The facts are just these: my invitation to Prof. Wright and Dr. Sprecher to visit the island with me was wholly a matter of courtesy. While there I consulted them as to the best method of protecting the groove from the incursions of the Vandal curiosity-hunters, and also as to the best form of conveying the title, to be held in perpetuity for the benefit of science; and all of the surveying that was done by those gentlemen they did with their eyes, as they stood admiring that beautiful and wonderful work of Nature's laws.

I take pleasure in saying that I have completed the work of uncovering fifty feet of the groove, leaving fifty feet still covered to the depth of about twelve feet with clay, gravel, and fragments of the lime rock, just as it was left by Nature's laws when their work was finished, and the tools with which that work was done—granite bowlders—lie scattered over the island, and on the mainland, as far west as the Indiana line, there to rest, imperishable and unchanged, until Nature shall again take them up to do its work.

Were yon to see that groove at this time I feel sure that you would pronounce it to be the most beautiful and wonderful evidence of the glacial movement that has ever been brought to the notice of civilized man.

On the 237th page of Prof. Wright's Ice Age there is an engraving which gives an imperfect view of the easterly end of the great groove, as it appeared before it was uncovered. And on the 238th page of the same book there is an engraving of another grooved rock, which is a little north of the great groove, from which I had taken off about a hundred feet before the photograph was taken, and sent to various scientific institutions. This, too, you will see is a most perfect and beautiful specimen of Nature's work.

I beg that you will pardon me for troubling you with this letter, for I feel that it is due to my friends and also to myself that the errors which I have noted should be corrected.

And, now that I have nothing further to say on the subject which prompted this letter, I will add a few words regarding The Popular Science Monthly. I have been a subscriber from the time of the issue of the first number, and I now have thirty volumes bound; and I take pleasure in saying that I think that there are no other thirty volumes to be found which contain such a vast and varied amount of useful information, or which are so well calculated to educate men in matters which advance our civilization, as those.

And more—they are a most noble monument to "Edward L. Youmans," more beautiful and enduring than marble or granite.

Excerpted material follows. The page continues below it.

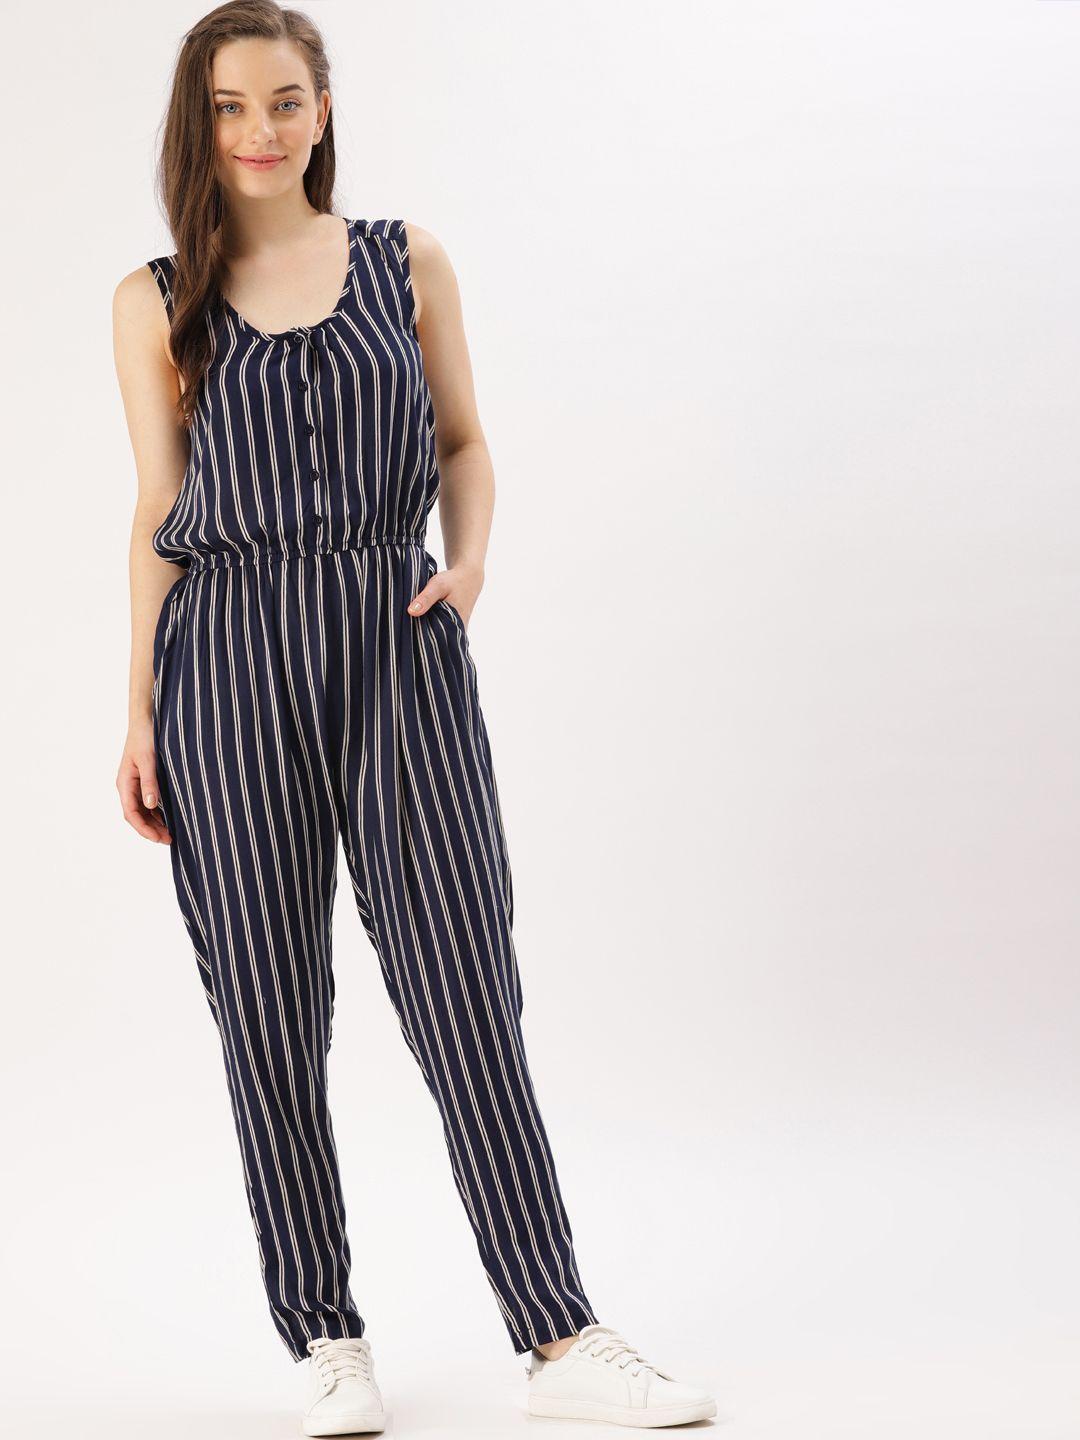 dressberry-navy-blue-&-off-white-striped-basic-jumpsuit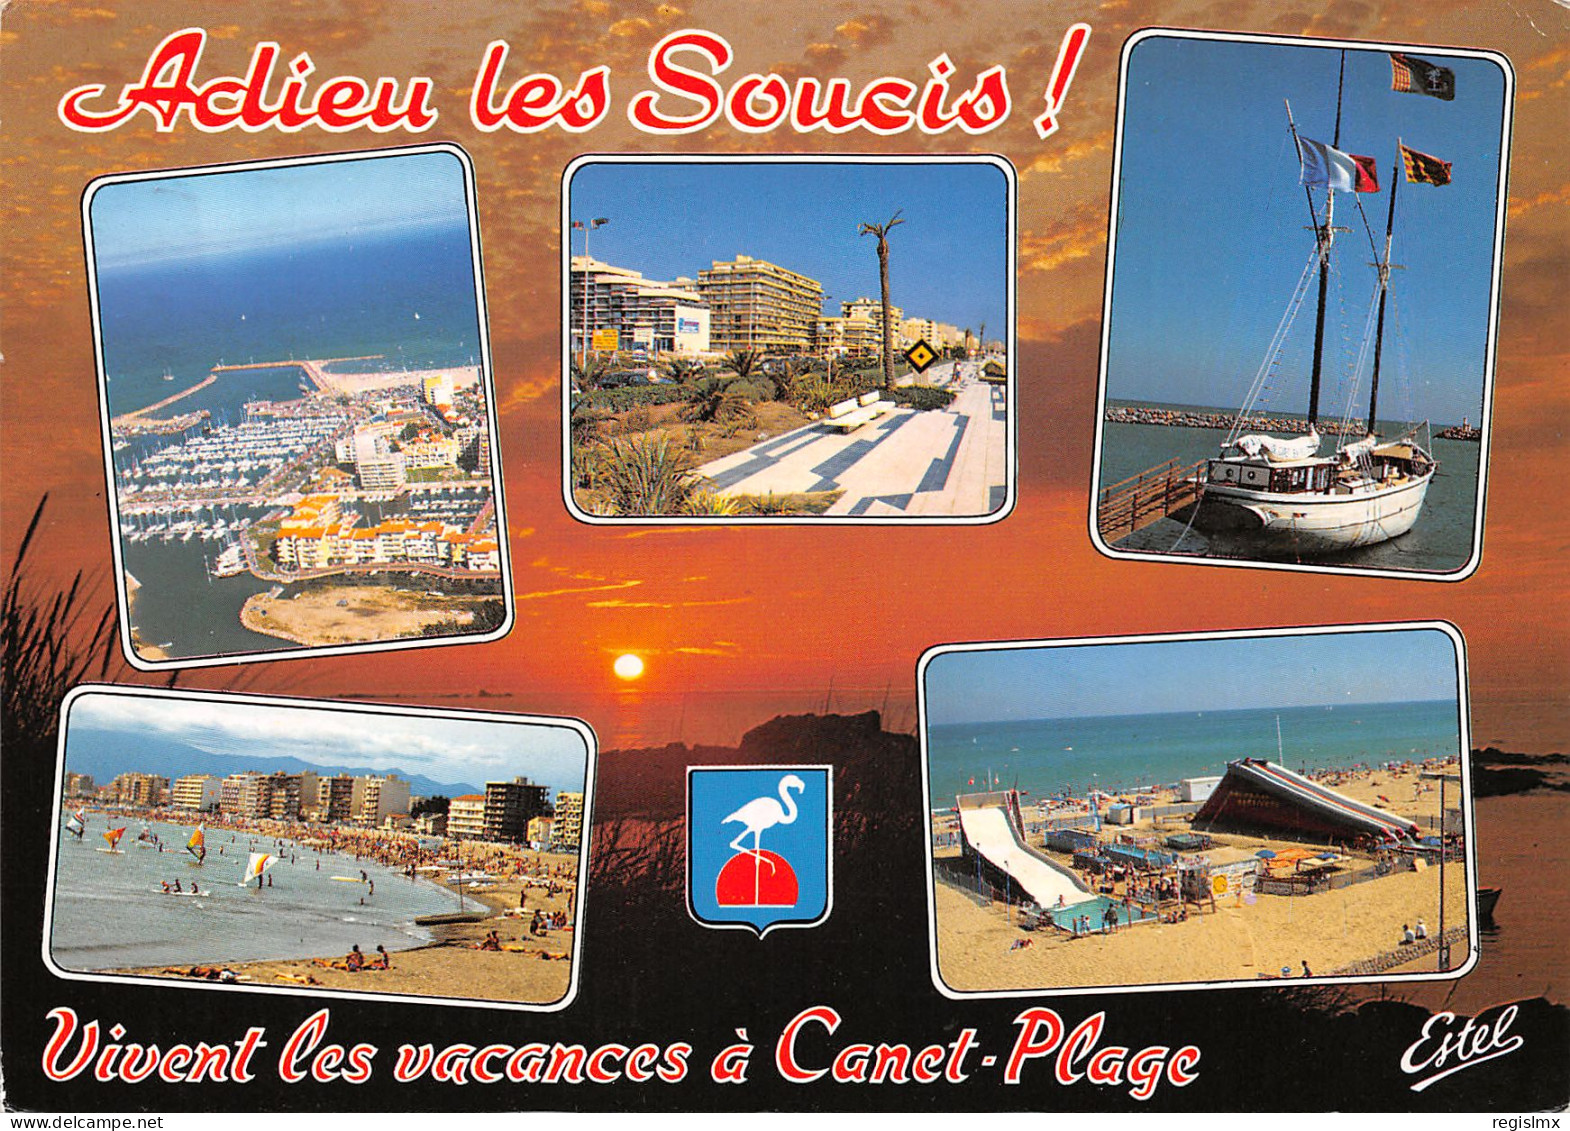 66-CANET PLAGE-N°T2663-C/0193 - Canet Plage

I am, sir, very respectfully yours,
M. C. Younglove.
Cleveland, September 16, 1891.

[The paragraph noticed by Mr. Younglove was compiled from a slip which was sent to the Monthly from a Cleveland paper. The language of the slip was followed, without supposing that the word "surveyed" was meant to be used in a technical sense, but rather perhaps in its original sense of looked-over, or perhaps as meaning that Drs. Wright and Sprecher had the ground surveyed. The change of our correspondent's name to Youngblood was one that we much regret; but it was also one that might naturally occur in transcription or type-setting and be overlooked by a stranger to the person concerned; for to a stranger no suggestion of error would be likely to occur.]